Rap has always been protest music. Sprouted in the soil of the civil rights movement and War on Drugs, rap functions as a platform for African Americans to express frustration with institutional and interpersonal oppression. The caricature-like portrayal of black men in the music industry relies heavily on stereotypes of criminality and hyper-sexuality that historically have been weaponized to marginalize black men. Investigating the real world consequences for rappers and rap-music, specifically through the lens of the justice system and criminal proceedings, offers valuable insight into the nature of racism in the mainstream media. 

A Brief History of Rap

Rap music emerged in the 1970s as nightclub MCs searched for new ways to keep crowds energized after long nights on the dance floors.
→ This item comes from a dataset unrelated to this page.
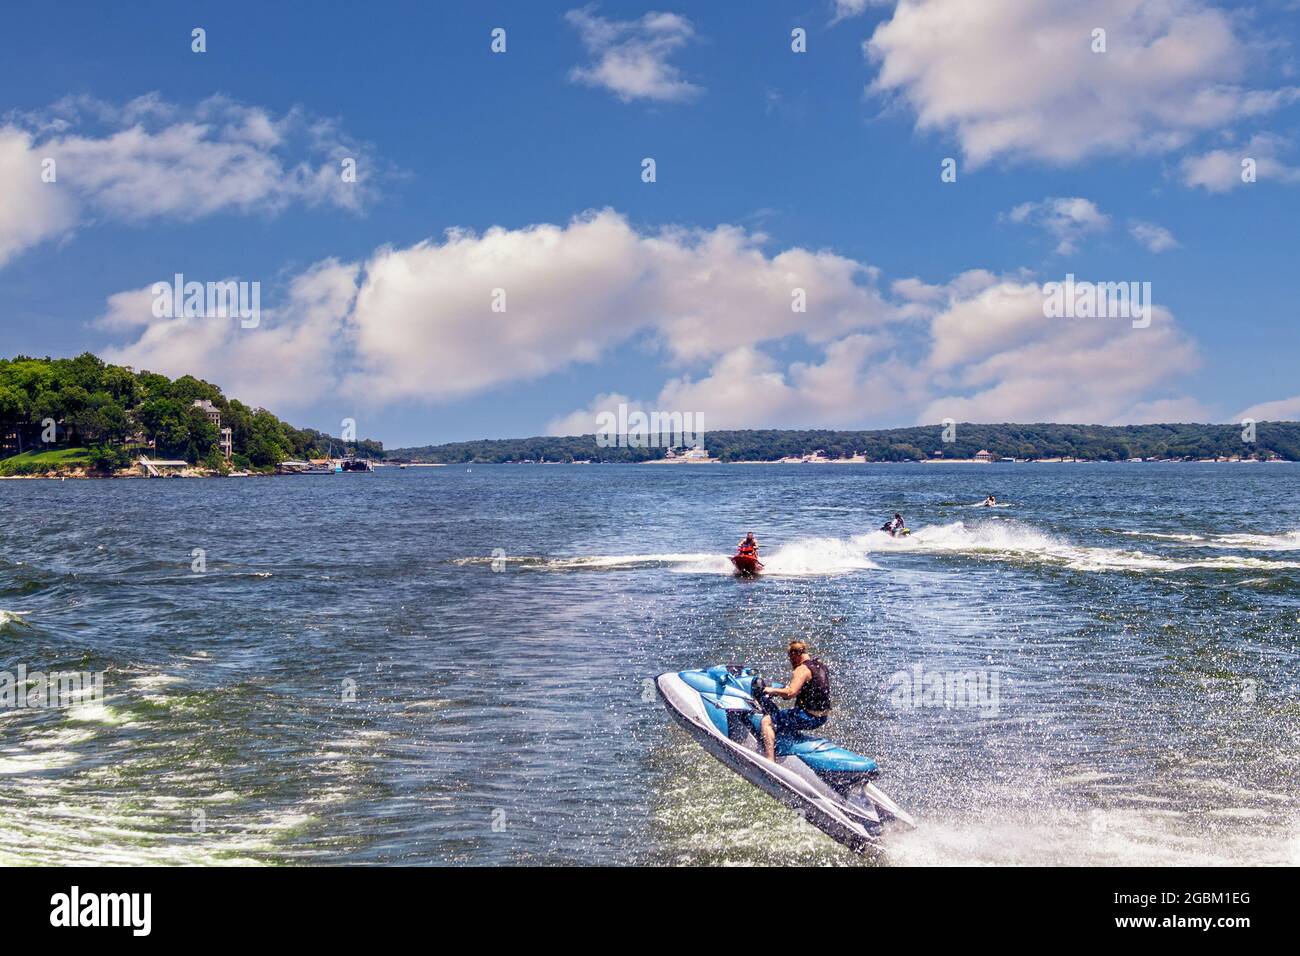 Persone su Personal watercraft salto scia di barca sul lago con case a riva in lontananza. Foto Stock

With roots in genres like disco and soul, rap gained traction in the music industry in the early 80’s. Songs like “The Breaks,” by Kurtis Blow and “Rappers Delight” by The Sugarhill Gang earned their claims to fame on the radio and put rap on the map:

“Brakes on a bus, brakes on a car,

Breaks to make you a superstar!

Breaks to win and brakes to lose,

But these here breaks will rock your shoes” 

— “The Breaks” by Kurtis Blow

While these songs lacked the wordplay and bass-heavy trap beats that have become characteristic of rap in the 21st century, they laid the foundation for future rappers. In the late 80’s and 90’s, rap took shape as just one aspect of a larger hip-hop culture.  As KRS One describes in the song “Hip-Hop vs. Rap,” “rap is something you do, Hip-Hop is something you live”. As the war on drugs, poverty, and incarceration ravaged black communities across the nation, hip-hop culture began to see rap as a way to discuss more poignant social issues through vivid rhyme schemes and storytelling.  

Law Enforcement and the Inception of “Gangsta-Rap”

Throughout the 90’s and early 2000s rap took on a new shape and message. Before Ice Cube, Eazy-E, and Snoop Dogg became household names, there was O’Shea Jackson, Eric Wright and Calvin Broadus Jr. They walked the streets of California like most young, working class, Black men at the time, exposed to gang violence, drug use and rampant poverty.  In his song “Words of Wisdom”, released in 1991, Tupac Shakur, the California based artist describes the ramifications of public policies on the Black community:

“This is for the masses,

The lower classes, 

The ones you left out, 

jobs were given, better livin’, 

But we were kept out.”

Shakur references the impact of the New Deal and the GI Bill in the lines “the ones you left out, jobs were given, better livin’, but we were kept out,” highlighting the way policies from as far back as the 1930s and 1940s disproportionately benefited white Americans, leaving many Black Americans without equal social protections. Despite the promise of jobs and housing these acts offered, Black people were largely excluded from the social or economic benefits. 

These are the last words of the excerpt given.